Note that the above is designed as a "one shot" to generate the
PersonID from the data in an existing CollegeData table. It is not
meant to handle any case where you do updates of the CollegeData
table, such as adding new employees or updating the salaries. Doing
that is much more difficult. And, of course, you'd better be
absolutely sure that there does not exist more than one "Jane Doe"
with equal "Total Salary" values.

>
> Basically, what we'd like to do is create a serial primary key but instead
> of having it increment every row, it needs to check the name and total
> salary columns and only increment if that person doesn't already exist. If
> they do exist, it should just assign the previously created number to the
> column. However, our team is small and between us we have very little
> experience working with databases and we haven't found a way to accomplish
> this goal yet. In fact, we may be trying to solve this in the wrong way
> entirely.
>
> So, to put it succinctly, how would you approach this problem? What are our
> options? Do we need to write a script to clean the data into separate csv
> tables before we import it to postgres, or is this something we can do in
> postgres? We'd really appreciate any help you all may be able to offer.
>
> Best!
> Eli Murray
>
>



--
He's about as useful as a wax frying pan.

10 to the 12th power microphones = 1 Megaphone

Maranatha! <><
John McKown

Re: Creating composite keys from csv

From

Adrian Klaver

Date:

09 March 2015, 13:36:53

On 03/08/2015 08:49 PM, Eli Murray wrote:
> Hi all,
>
> I'm a student journalist working on a project for our student paper
> which lists salaries and positions for every staff member at the
> university. We received the data from an FOI request but the university
> is refusing to give us primary keys for the data.
>
> The issue we've run into is that if there are two staff members with the
> same name (and there are) our current web app adds their salaries
> together and considers them one person.

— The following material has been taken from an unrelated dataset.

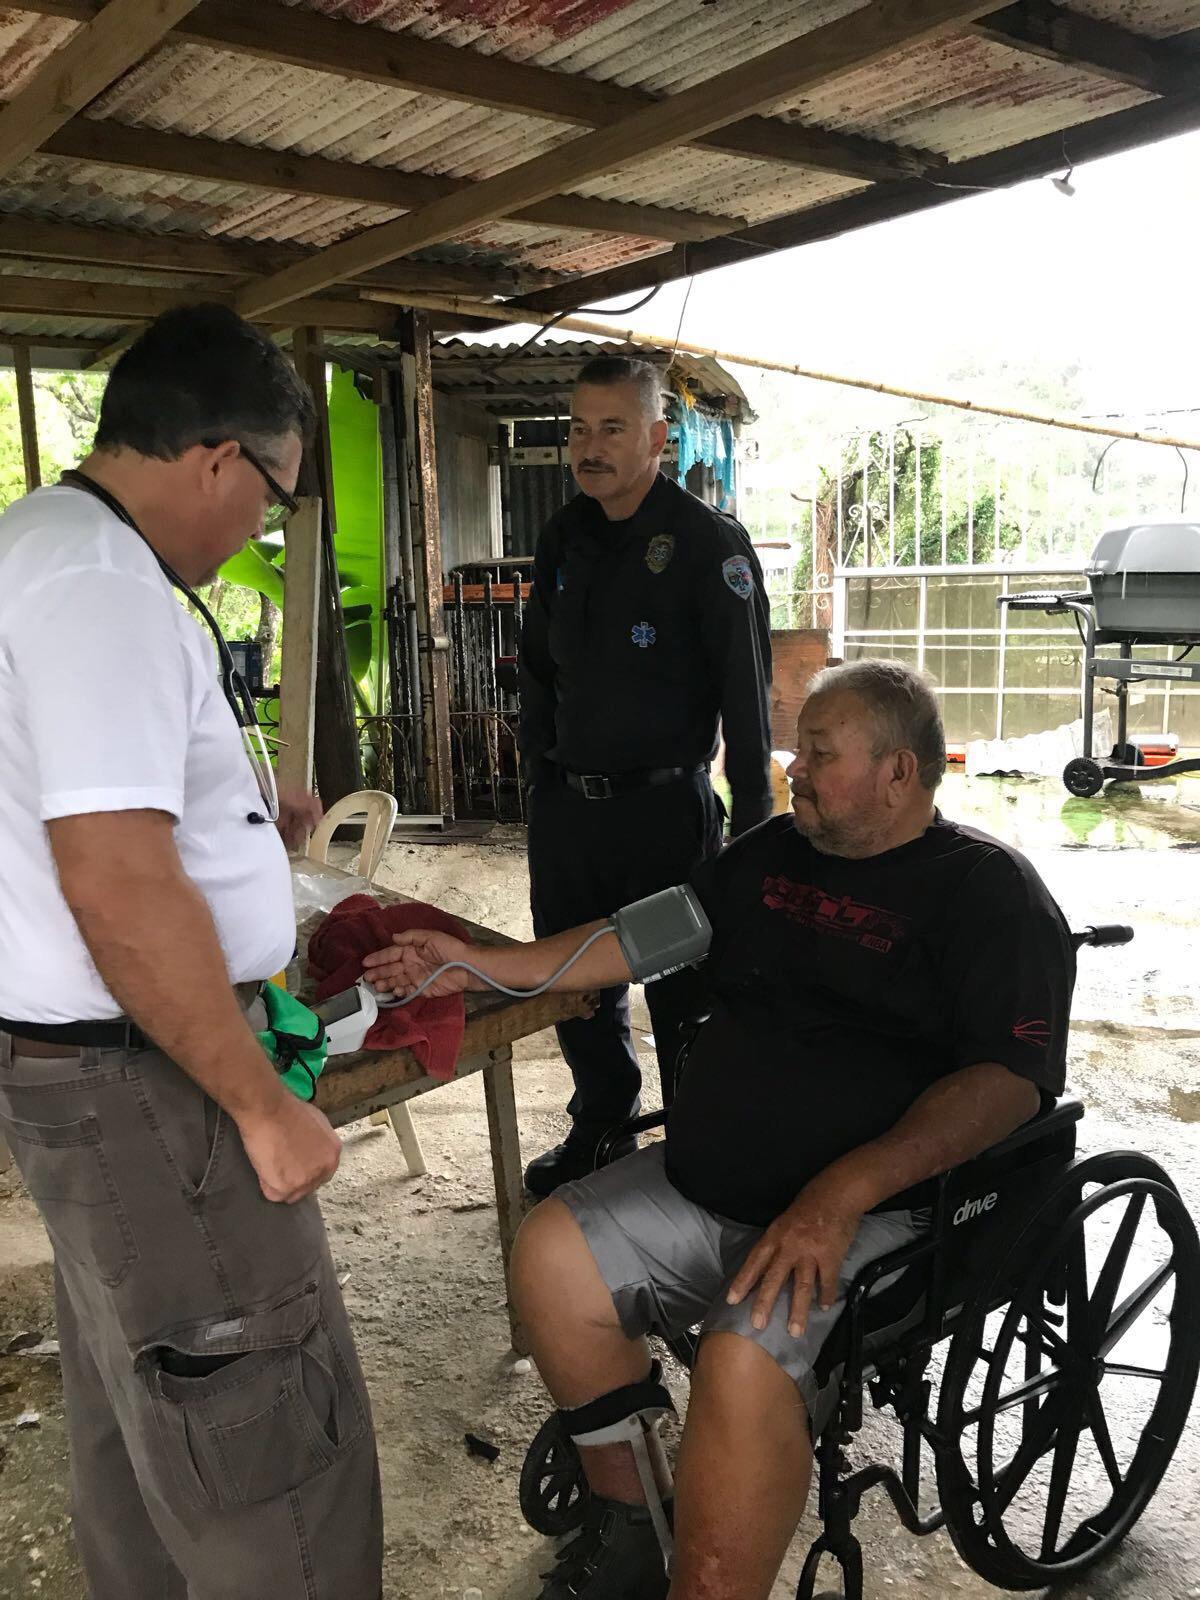 Medical mission to Ponce (La Carmelita, Guaraguao and Raices) with Mindu Futures

Now, luckily, we can create a
> composite key if we combine their name column with their salary column.
> Unfortunately, the format of the data we have makes it more difficult
> than that (of course!) because some employees can hold multiple paying
> positions.
>
> Here's some example data:
>
> Name, Position, Salary,Total Salary, ...
> Jane Doe, Dean, 100.000, 148.000, ...
> John Locke, Custodian, 30.000, 30.000, ...
> Jane Doe, Academic Adviser, 48.000, 148.000, ...
> Jane Doe, Trainer, 46.000, 46.000, ...
>
> Basically, what we'd like to do is create a serial primary key but
> instead of having it increment every row, it needs to check the name and
> total salary columns and only increment if that person doesn't already
> exist. If they do exist, it should just assign the previously created
> number to the column.

Well the above is not going to work, because the id would not be unique
across rows and therefore could not be a primary key. If I am following
what you want is a staff id that identifies a particular staff member
across rows and is derived from the (Name, Total Salary) combination, is
that correct? If so you could use a serial column to generate a
surrogate primary key for each row without worrying about the names and
total salary. Then it becomes an issue of generating the staff id for
unique staff members. For that I would see John McKowns answer.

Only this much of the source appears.